- Opening Delimiter -
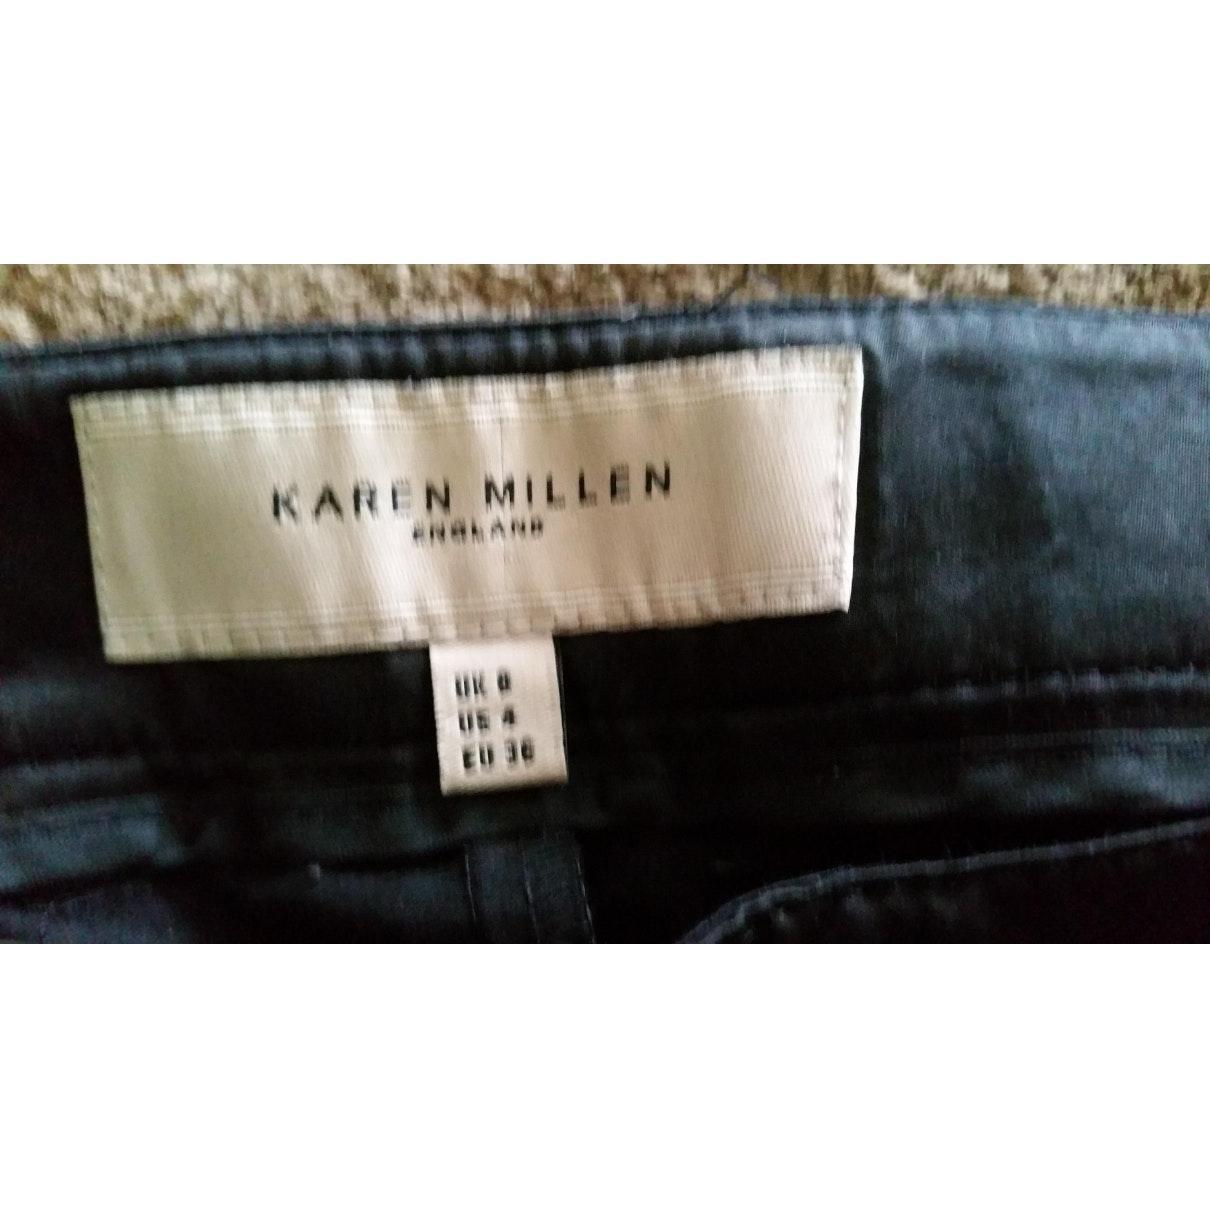 Pantalones en algodón negro N Karen Millen de Algodón de color Negro
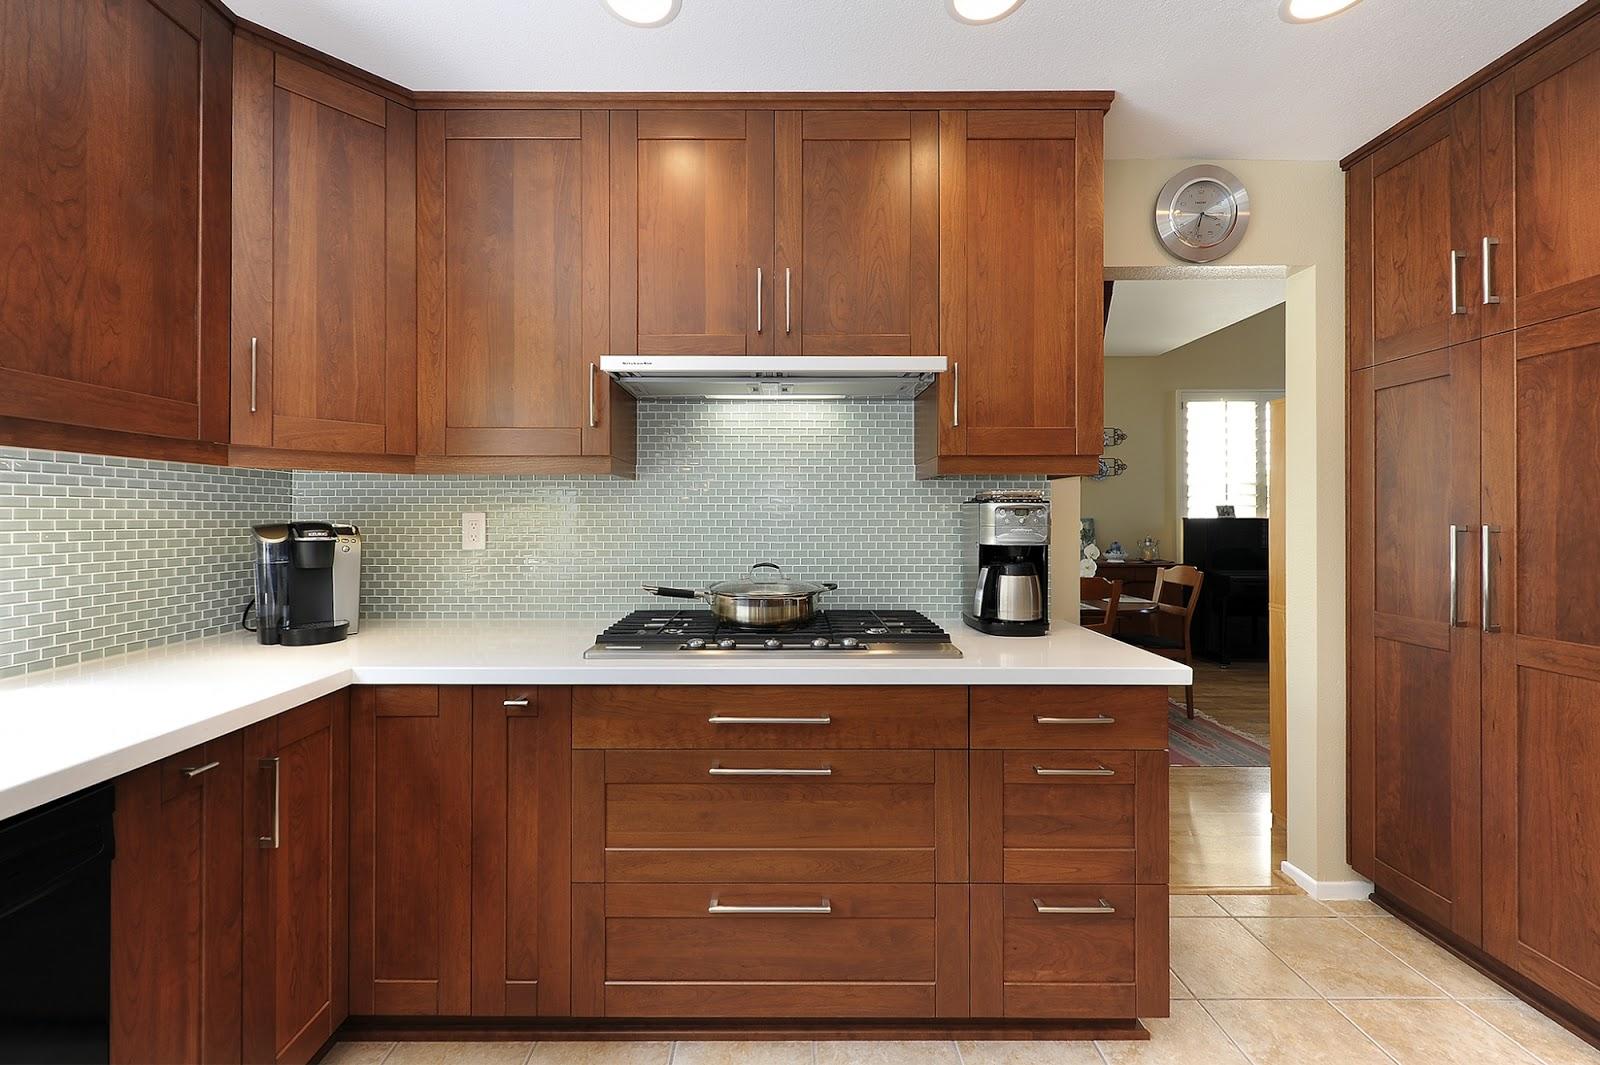 Baca ini sebelum membeli atau membuat kitchen set 20 for Cara bikin kitchen set
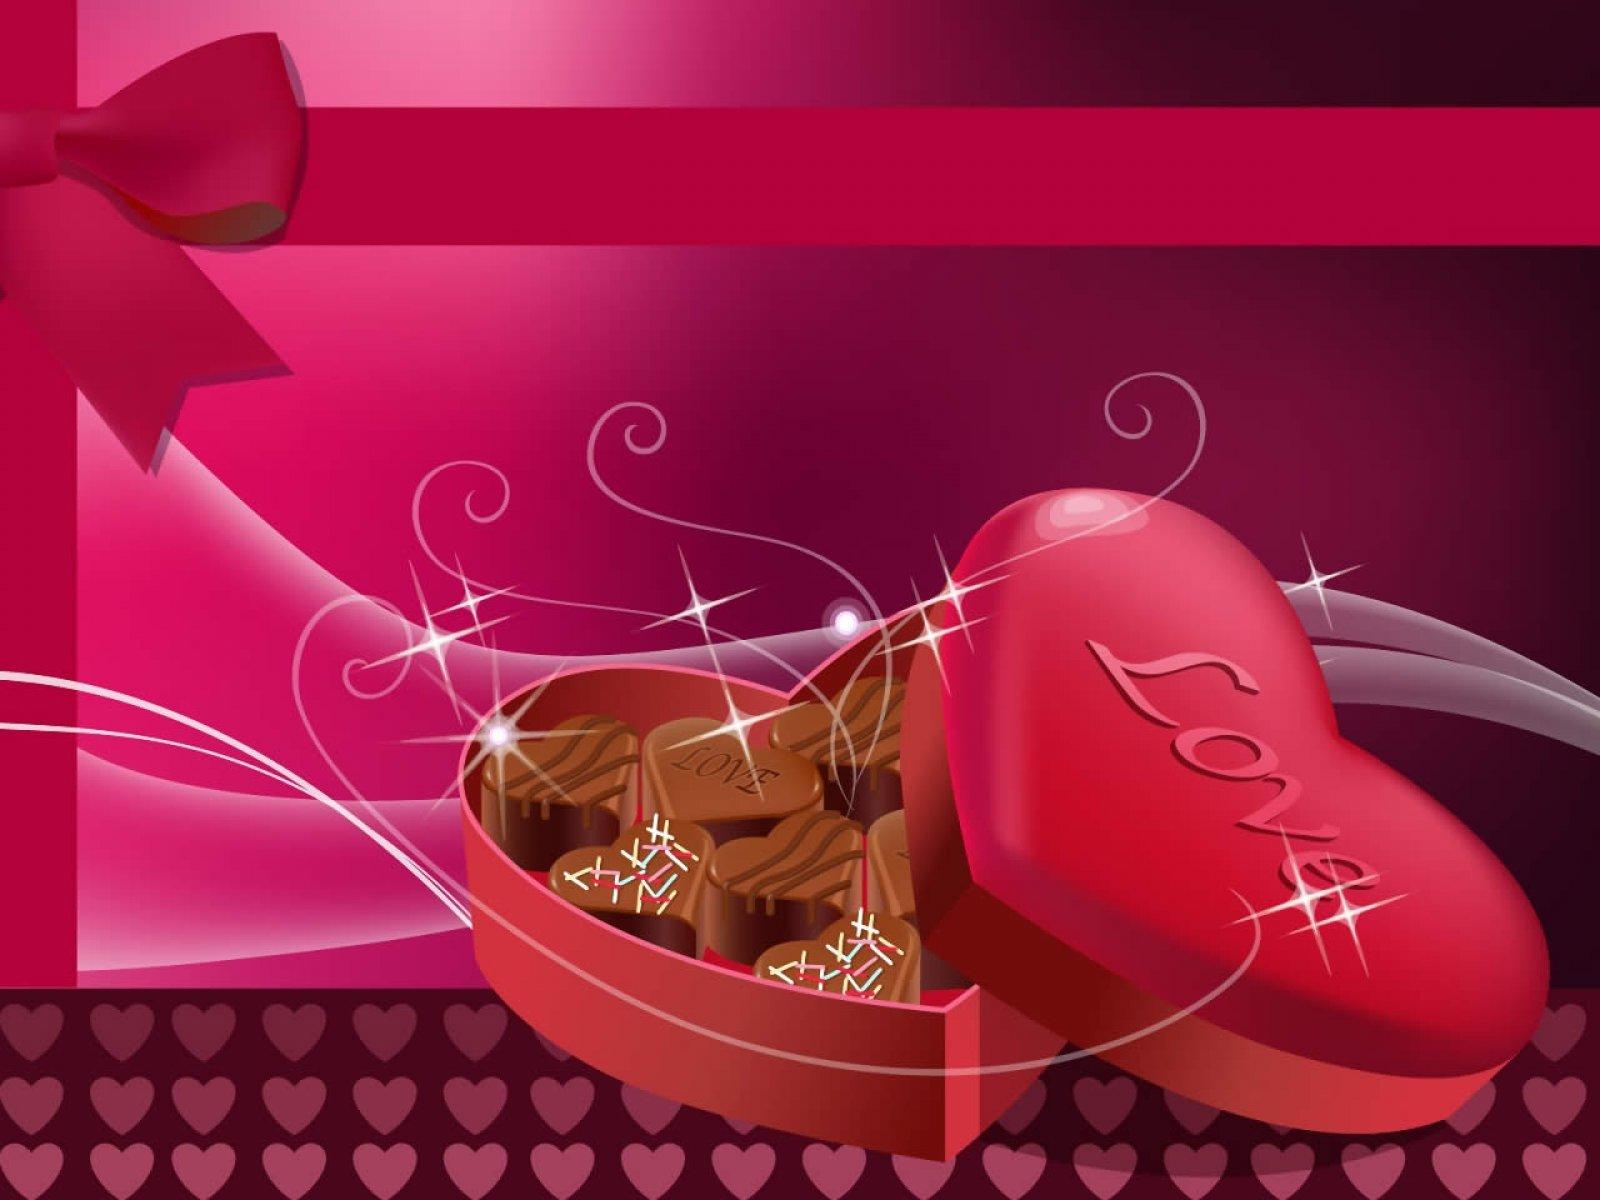 صور قلوب وحب ورومانسية وصورة قلب HD  (35)
- Closing Delimiter -
▸ **Directions for this task**
What is needed is an exact restatement of the lines from the line with "Baca ini sebelum" through the final line of the data, pictures excluded.

▸ **Result of the task**
 Baca ini sebelum membeli atau membuat kitchen set 20 for Cara bikin kitchen set
 صور قلوب وحب ورومانسية وصورة قلب HD  (35)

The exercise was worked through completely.